SECTOR 02 // HOW-TO GUIDES

Break DNS resolution

Make a hostname disappear, point it somewhere else, or blackhole it with the net provider.

Goal: simulate DNS-level failures: the outage class that bypasses every proxy because the client never connects at all.

Prerequisites #

The net provider drives dnsmasq through conf snippets: it writes one file per host into a directory dnsmasq watches (conf-dir=), then runs your reload command. Your stack must resolve through that dnsmasq.

providers:
  net:
    config:
      confDir: assets/dnsmasq.d
      reloadCmd: docker compose -p chaos kill -s SIGHUP dnsmasq

Make a host vanish (NXDOMAIN) #

- run: net.nxdomain
  with: api.partner.com

The host resolves to nothing: the “their domain expired” failure.

Repoint a host #

- run: net.set_dns
  with:
    host: db.internal
    ip: 10.0.0.99

Useful for “the failover DNS record was wrong” scenarios.

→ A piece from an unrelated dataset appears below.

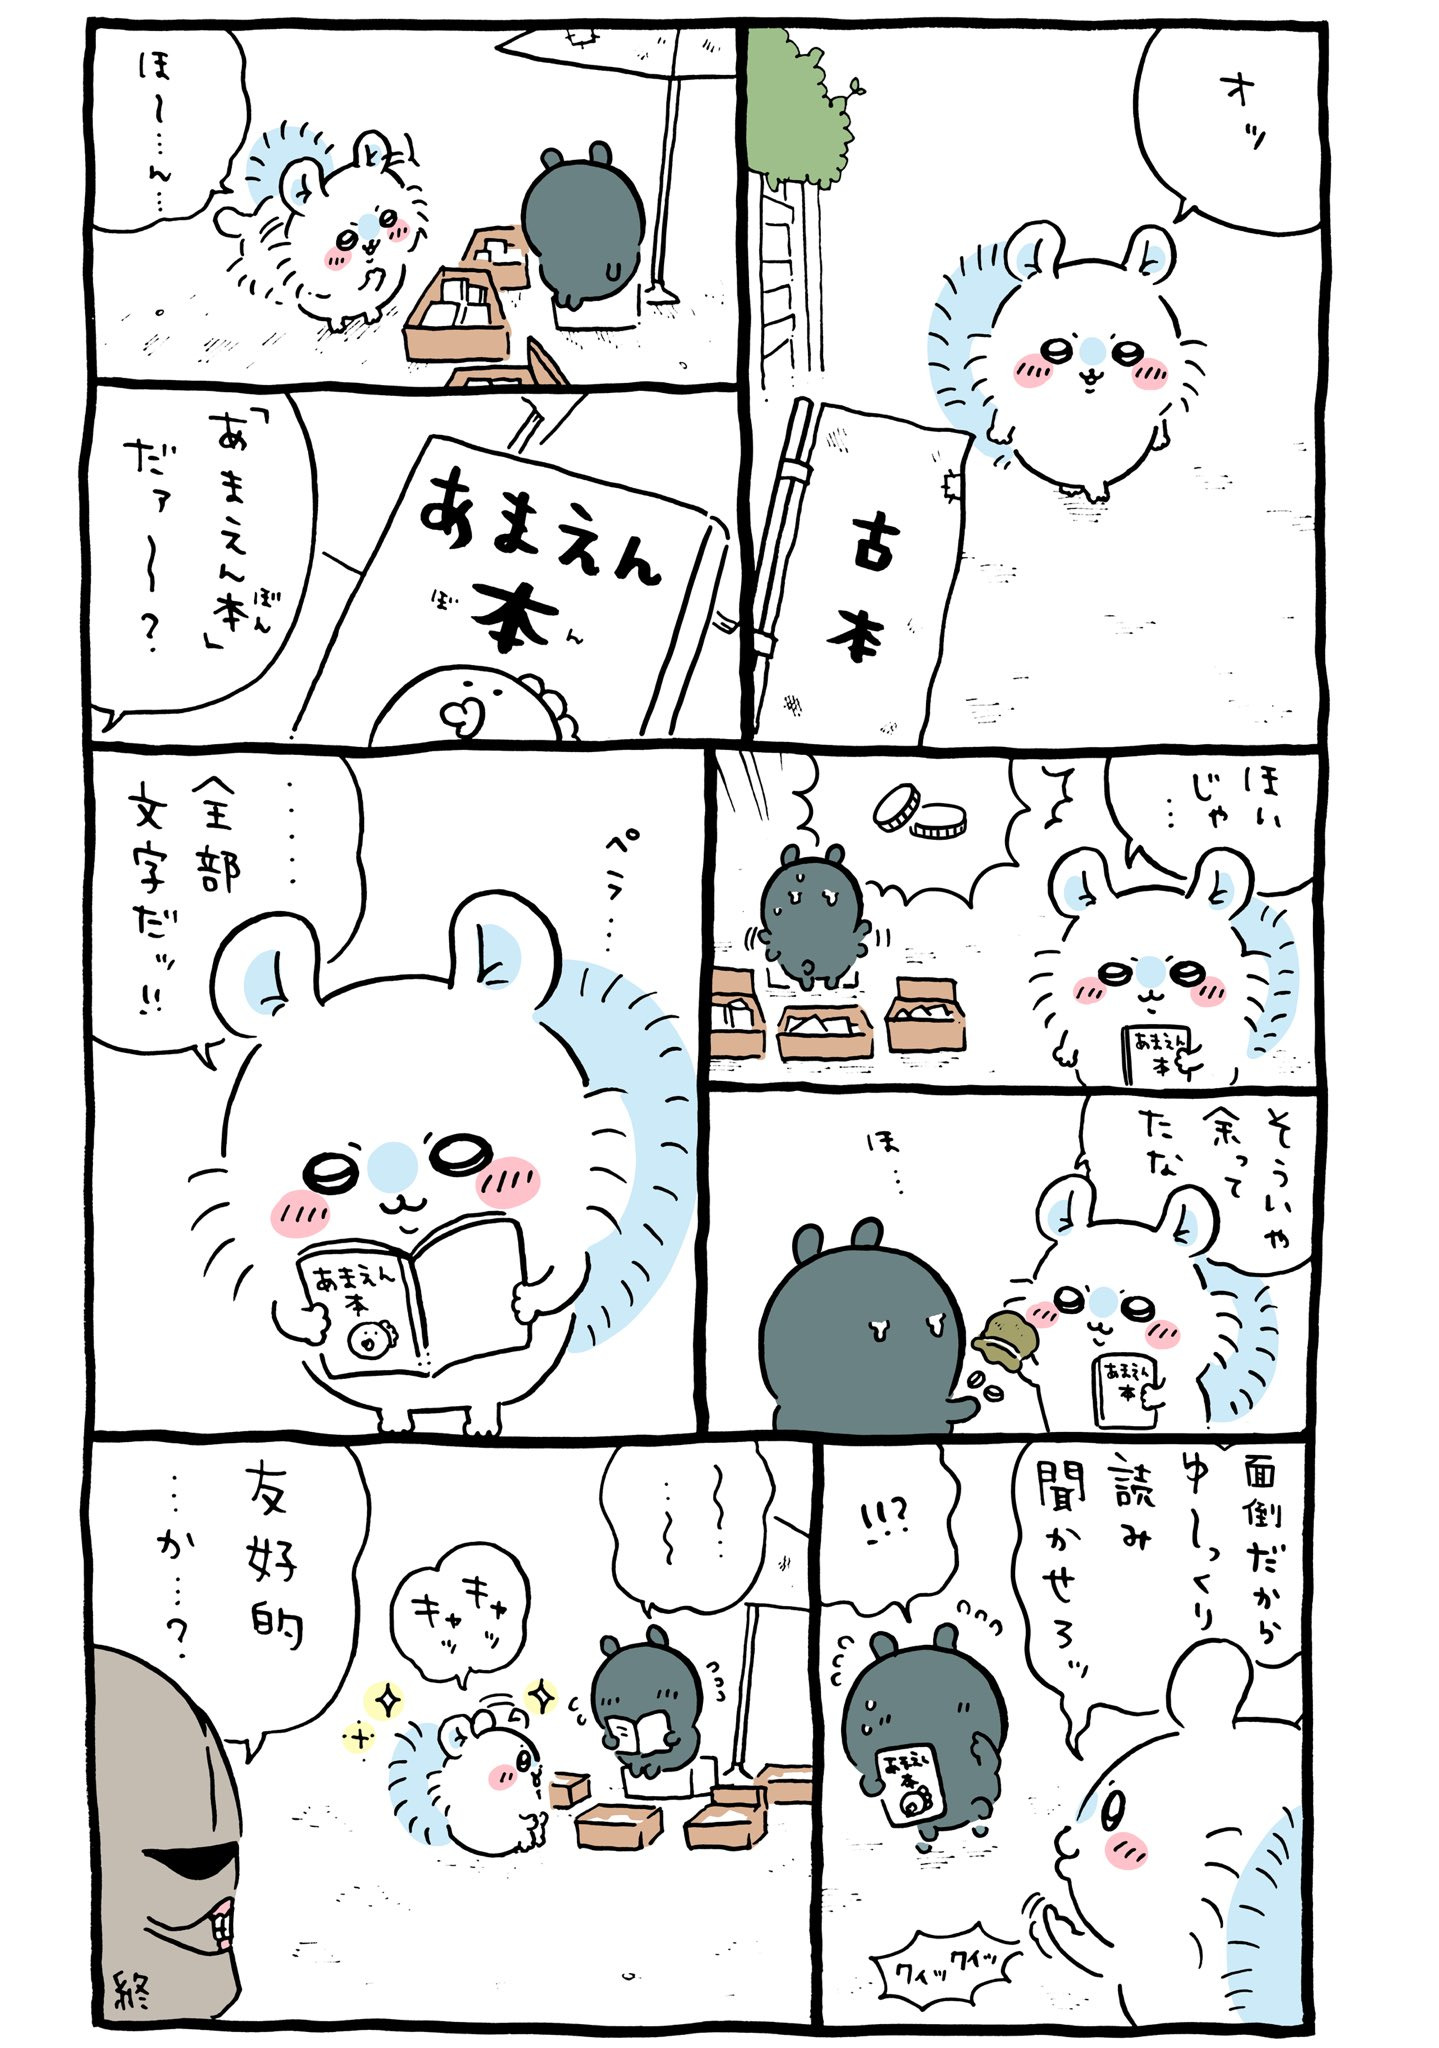 ちいかわカニちゃんモモンガ - ネイルパーツ

Resolve a host to several endpoints #

A service name backed by several A records uses ips:

- run: net.set_dns
  with:
    host: backends.example.test
    ips: [10.0.0.1, 10.0.0.2]

The name now resolves to both addresses at once: the multi-endpoint discovery mode where a client spreads across the live set and rides out the loss of any one member.

Change the live set #

set_dns declares the full set, so the endpoints a name resolves to change by restating it. A client that refreshes DNS picks up an address added to the set, and stops using one dropped from it, without restarting:

# was {10.0.0.1, 10.0.0.2}; drop one endpoint
- run: net.set_dns
  with:
    host: backends.example.test
    ips: [10.0.0.1]
  effect: degradation

Restating a smaller set is the fault being injected, so the step declares effect: degradation (the same per-step override exec.run uses when it shells out to tc). Restating a larger set, or the original set, is recovery and needs no effect:. Taking the records away entirely is net.nxdomain: a client that keeps running on its last-known endpoints through the outage, then recovers once the set returns, is the DNS-outage resilience property.

Blackhole a host #

- run: net.dns_blackhole
  with: api.partner.com

Resolves to 0.0.0.0: lookups succeed, connections go nowhere, and clients hit connect timeouts instead of resolution errors. Different failure, different code path in your retry logic. Test both.

Restore #

net.clear lifts one host’s override mid-scenario (the recovery step of a fault-then-recover exercise); net.reset removes every snippet the provider wrote and reloads once. Both are idempotent, so a teardown that runs after an early failure is a no-op:

- run: net.clear
  with: api.partner.com

teardown:
  - run: net.reset
  - run: docker.down